Alliance for Independence – Good Tactic or Risky One?

The Event:

Greater Glasgow P4Indy Group invited Dave Thompson former MSP and now one of the founders of the Alliance for Independence (AFI) to contribute to a recent virtual meeting. Alan Logue, convenor of the group, stated at the outset that Pensioners for Indy are a non-party political organisation and do not endorse any party. The invitation to Dave is to better inform our members about the AFI initiative, its possible benefits and its possible risks.

Thirty nine people logged into the event. Dave spoke for about 20mins and there followed a lively Q&A sessions with points being made on both the pros and the cons of having List-Only Indy supporting parties.

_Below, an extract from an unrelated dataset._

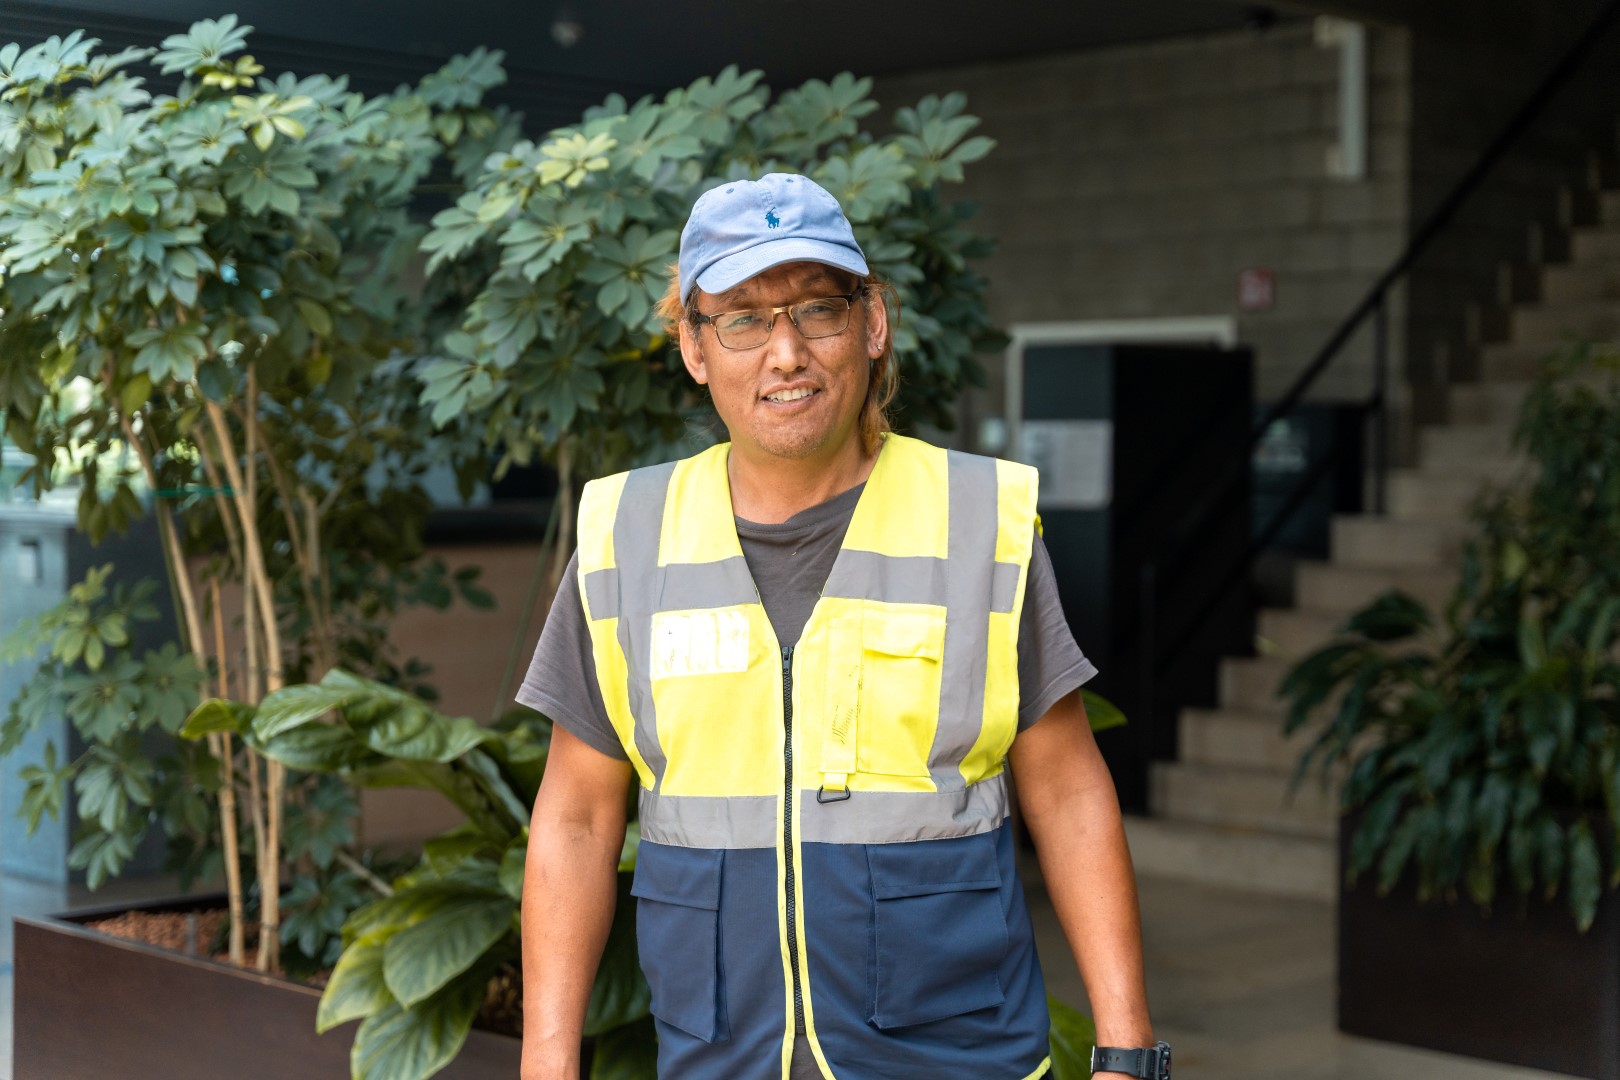 Dorjee arrived in Belgium as one of many refugees, now he has steady work and even worked his way up to brigadier at Green Masters.

The questions covered a lot of ground:

  • With SNP we know what we getting, they have a manifesto, same with the Greens. You say that AFI will not have a manifesto. That may be OK to get us to independence but those AFI MSPs will still be in Holyrood afterwards and we have no way of knowing what they would vote. Presumably individual MSPs will just vote according to their own views?
  • What are electoral Commission saying about accepting AFI
  • How likely is it that small parties are going to join in with you?
  • What if SNP don’t do as well as polls are saying, are we not in danger of making things worse rather than better?
  • If Greens don’t join AFI is it still viable?
  • How is it going to be funded? If people vote for you, won’t this be lauded by Unionists as SNP losing their power? And then be used it to make negotiations much more difficult?
  • Where SNP are likely to win a list seat, would you stand a candidate or step aside?
  • Coalitions are normal in a lot of countries, why on earth don’t you have a manifesto now that you can promote in phase two after independence?
  • D’Hondt system works well in producing a parliament which reflects how we vote. If this initiative ends up with a less proportional parliament is that really a good thing? Some people are concerned with the ethics of that. And wouldn’t a less proportional result it be used to argue against the legitimacy of the parliament?
  • There is no certainty that SNP will get the majority of the seats. As happened in 2016 when SNP got fewer votes. Why risk that again? Is it not a dangerous thing to do?